10 years huh...that's a long time. And I thought my 1 year long crush was long. I feel your pain x10 literally. I was able to get over my guy. I do get relapses of feeling for him now and then but for the most part, it's gone. I don't think that is the case with your situation. Therefore, the only option is to tell him the truth. I know it's cliche and you probably know it yourself, so I'll be just another reconfirmation. You should tell him so you can move on with your life.
 
Well, I've never turned down a direct request before. :)

You know that feeling you have for him? That's love. Or at least a variant of it. It's not attraction, or a crush. When it happens for the first time, people tend to be really confused by it. "Why do I like him? I like tall/muscular/blonde/smart/sexy guys, and this guy is short/fat/dark/dumb/geeky." But think about it. It's not just the tall, muscular, sexy guys getting laid, and partnering up. And thank God for that, because the rest of us need love and sex, too, damnit. :)

But as amazing as love is, it's sheer hell when you're in love with somebody who doesn't, or can't, love you back. Which is why there's all those "I'm in love with a straight guy" threads here, and they're so full of heartbreak, and they all have the "if only I could suck his dick just once..." bargains that never work out.

So what do you do? Honestly, I'd say go for broke. After all, you're not really friends anymore. If you piss him off, and he decides never to talk to you ever again, that just about puts you where you are right now. I don't get much "gay" vibe from him from what you've said, but again, you never know. I'm a sports nut, and I likey the dicky, so it's certainly possible.

I wouldn't contact him out of the clear blue and say "Hi I'm gay, hoping you are too, let's hook up". Perhaps send him a "catching up" email. In either that one, or the following one, let him know you're gay. You don't have to give him a long "I have something horrible to tell you" routine. Just say something like "I've made some good friends here at college, but haven't gotten anywhere dating. I was hoping I'd find some more gay guys here, but so far haven't had much luck. I may join the GLBTSU soon, and maybe that will help." Again, keep it conversational, like it's no big deal.

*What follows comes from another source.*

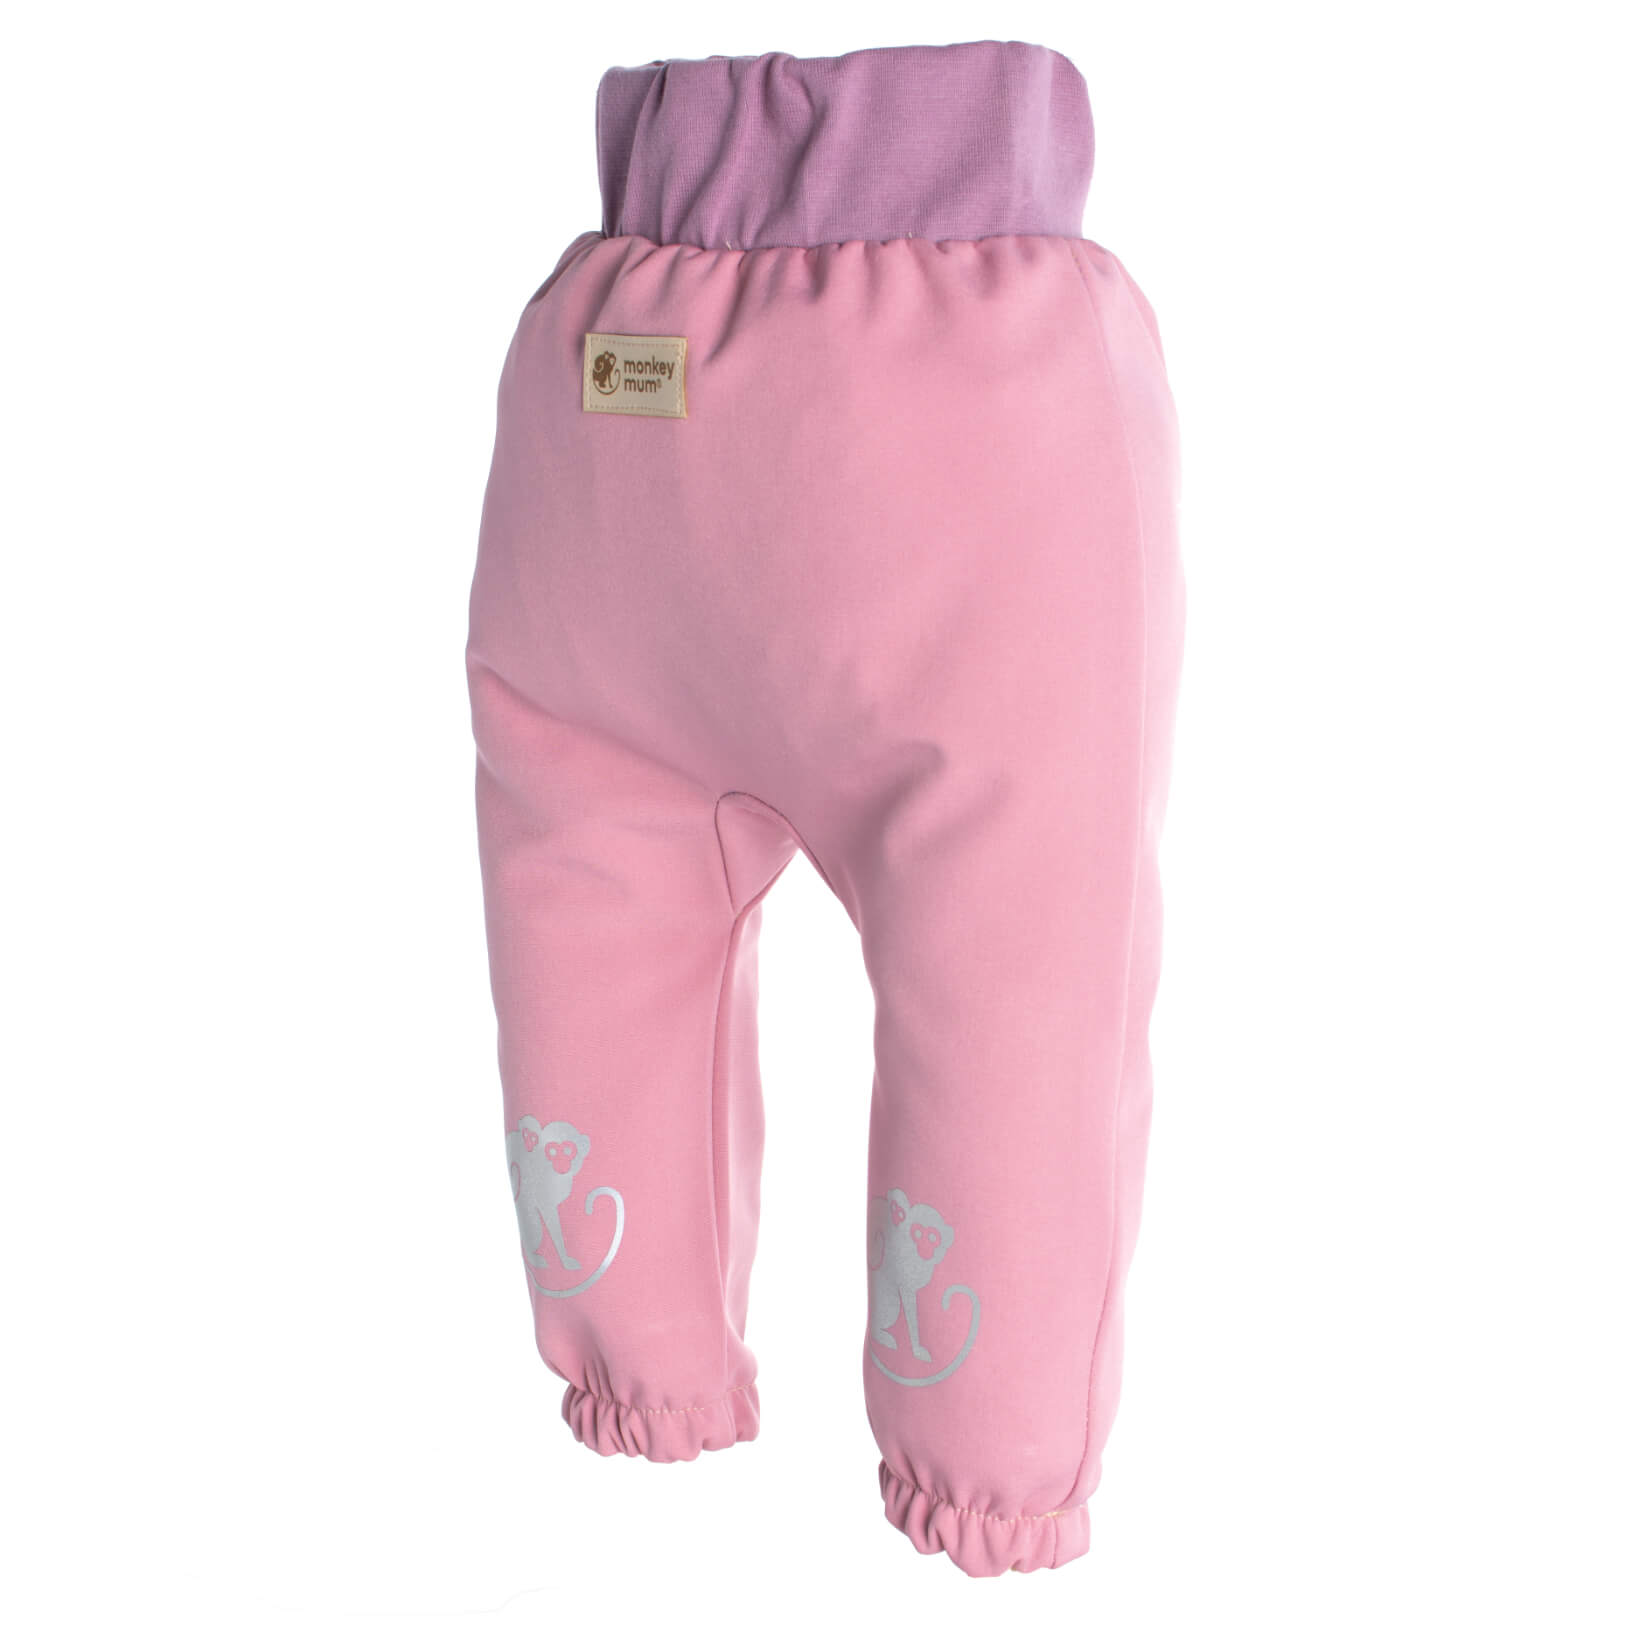 Pantaloni Softshell Per Bambini Monkey Mum® Con Membrana - Zucchero Filato 86

And that'll be his cue. If he chooses not to respond, there's your answer. If he responds, but doesn't say he's gay, you can take that to mean that he isn't. Do NOT force the issue. Don't cling to some scrap of hope that maybe he is, but he doesn't trust telling anyone, and and and. If you come out to him, that's his cue to come out to you if he's gay. If he doesn't take it, he's straight. Accept that, and move on.

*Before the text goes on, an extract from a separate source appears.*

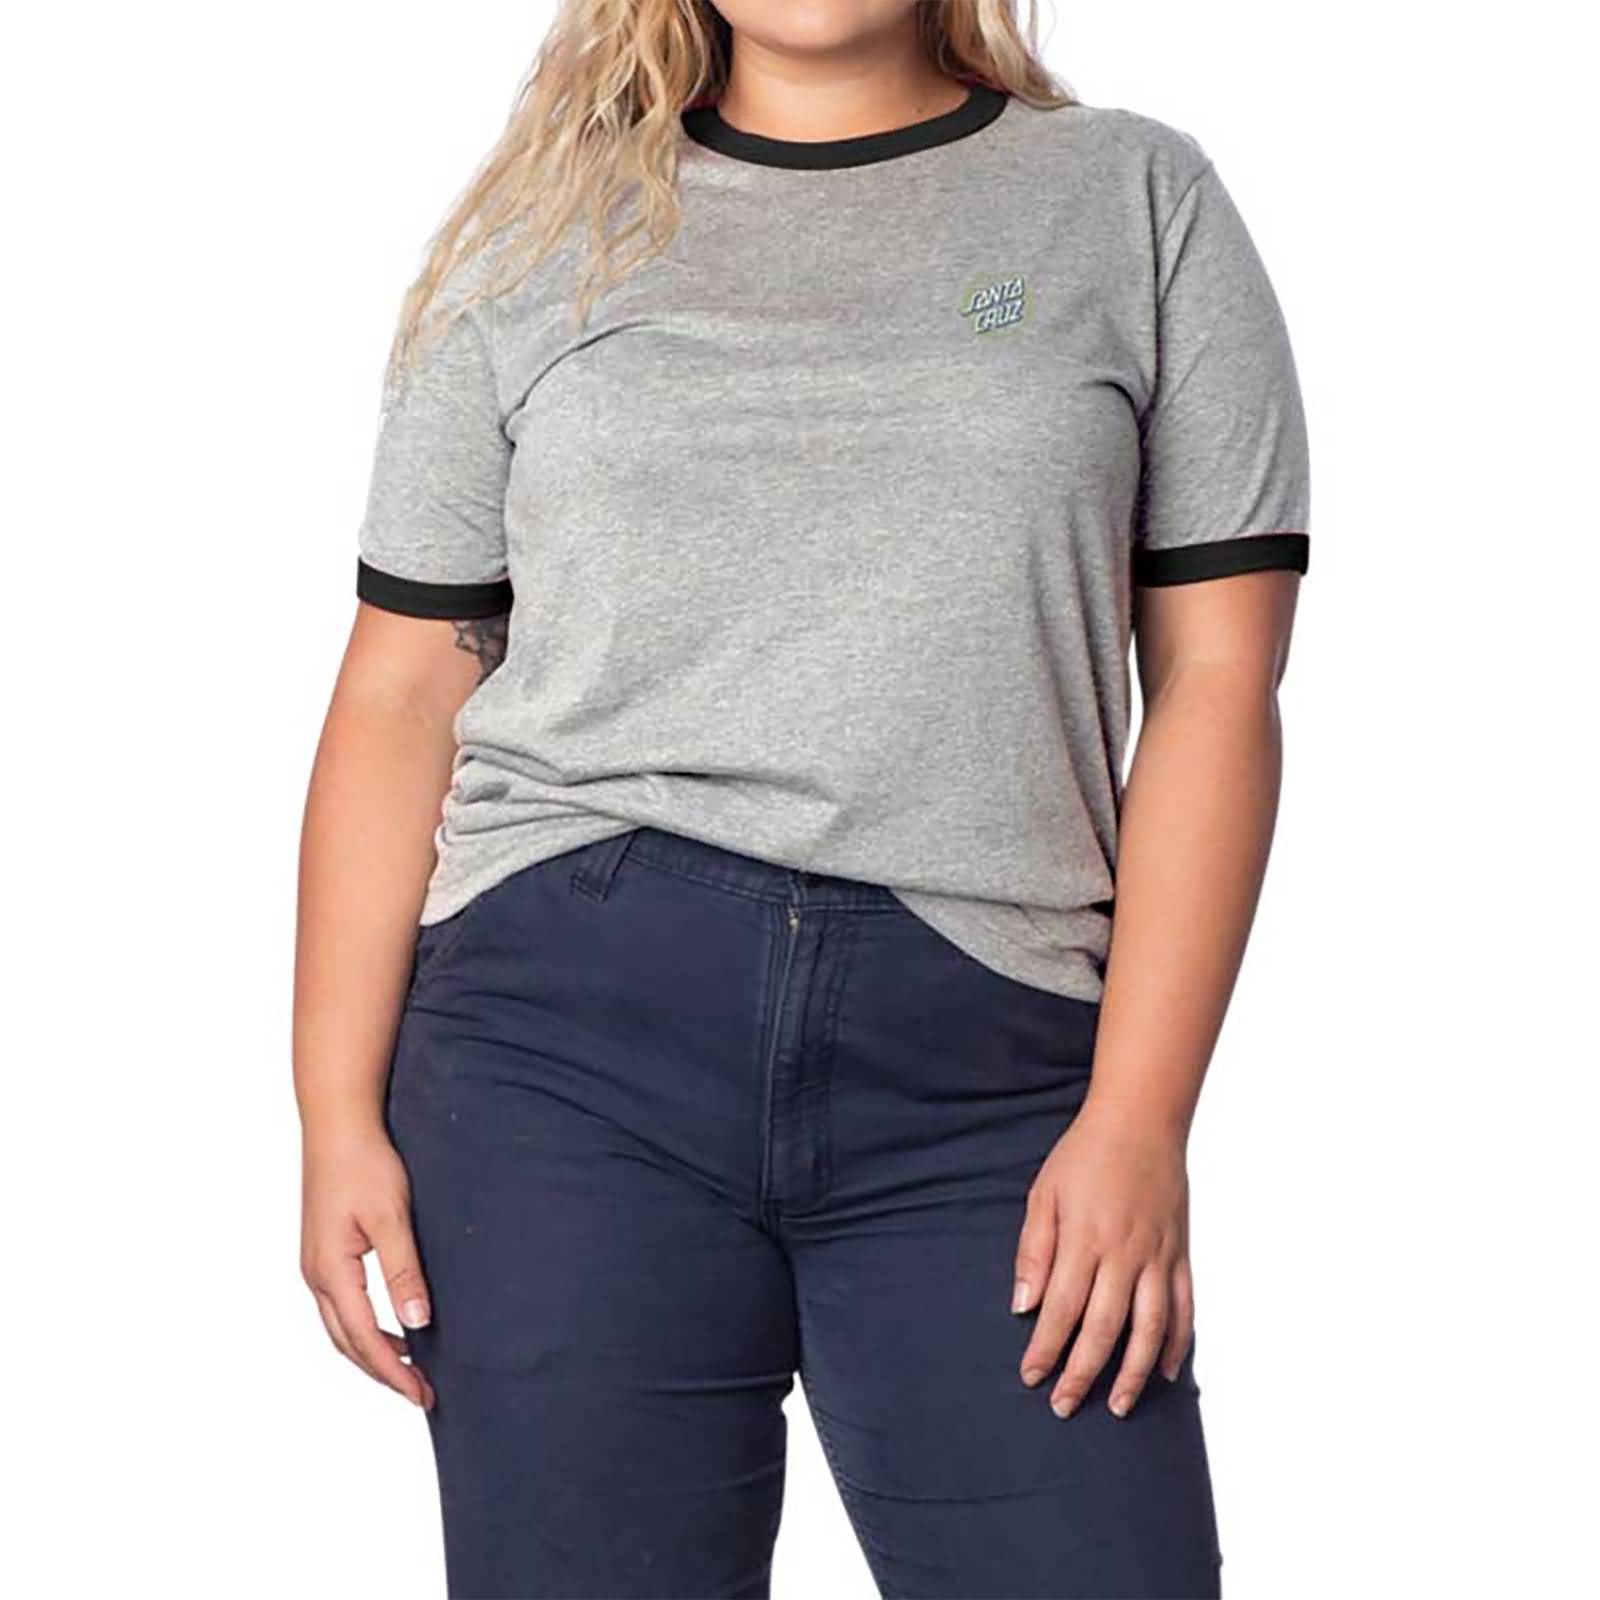 Santa Cruz Absent Gleam Dot Women's Short-Sleeve Shirts-44155480

If he does say he's gay? Well, then, have fun. :)

Lex
 
I'm not sure what race you are, but being Korean and gay is very difficult.
I totally understand this, haha. I'm not Korean myself, but I am Asian... but anyway, I remember my Korean friend told her parents that I was gay, and they were in total denial about it. With someone else's kid. They were saying things like "I don't think he knows what he's talking about..." "Maybe he's just confused!" "Or maybe it's just a way to seduce you..."

And you know those were picked out because they were nicest things they probably said. lawlz

But anyway, good luck. I don't really know what to say about your situation.